In vitro and in vivo protective effect of atriopeptin III on ischemic acute renal failure

Abstract

The effect of atriopeptin III (AP-III) on ameliorate ischemic acute renal failure was first examined in the isolated perfused kidney. Isolated rat kidneys were clamped for 1 h and reperfused for 30 min without therapy and then perfused with either 0 (control) or 100 μg/dl AP-III. In this system AP-III significantly improved renal plasma flow (39.6 ± 2.4 vs. 32.2 ± 2.1 ml/min per g; P < 0.05) inulin clearance (182.6 ± 49.2 vs. 24.6 ± 6.2 μl/min per g; P < 0.05), urine flow (52.9 ± 12.1 vs. 7.1 ± 0.8 μl/min per g, P < 0.01), and net tubular sodium reabsorption (21.2 ± 6.6 vs. 2.9 ± 0.9 μmol/min per g, P < 0.05) as compared with control. A second series of in vivo studies experiments were performed using 1 h of bilateral renal artery clamping followed by an intravenous infusion of either saline alone (control) or AP-III (0.20 μg/kg per min) for 60 min. The results demonstrated that inulin clearance (244.4 ± 25.1 vs. 15.8 ± 8.2 μl/min per 100 g; P < 0.01), urine flow (23.1 ± 5.9 vs. 1.1 ± 0.5 μl/min per 100 g; P < 0.01), and net tubular sodium reabsorption (38.9 ± 4.7 vs. 4.3 ± 1.6 μmol/min per 100 g; P < 0.01) were significantly higher in AP-III-treated rats than controls during the hour of AP-III infusion. In 1 h posttreatment study this significant protective effect of AP-III was documented to persist. In more chronic studies animals treated acutely with AP-III had lower serum creatinine concentration at 24 h (1.8 ± 0.3 vs. 3.3 ± 0.4 mg/dl; P < 0.01) and 48 h (1.0 ± 0.2 vs. 2.4 ± 0.4 mg/dl; P < 0.01) after the 60 min of ischemia than controls.
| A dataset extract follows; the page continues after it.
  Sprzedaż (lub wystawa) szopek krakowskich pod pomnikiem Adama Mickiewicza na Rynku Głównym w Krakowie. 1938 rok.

Renal adenosine triphosphate regeneration as assessed by P-31 nuclear magnetic resonance during reflow was also significantly improved in AP-III-treated animals at 1 h (3.03 ± 0.30 vs. 1.45 ± 0.40 μmol/g dry wt; P < 0.05) and 2 h (3.98 ± 0.46 vs. 1.80 ± 0.05 μmol/g dry wt; P < 0.01) of reflow as compared with control rats. Thus, AP-III significantly ameliorates ischemic acute renal failure both in vitro and in vivo in the rat.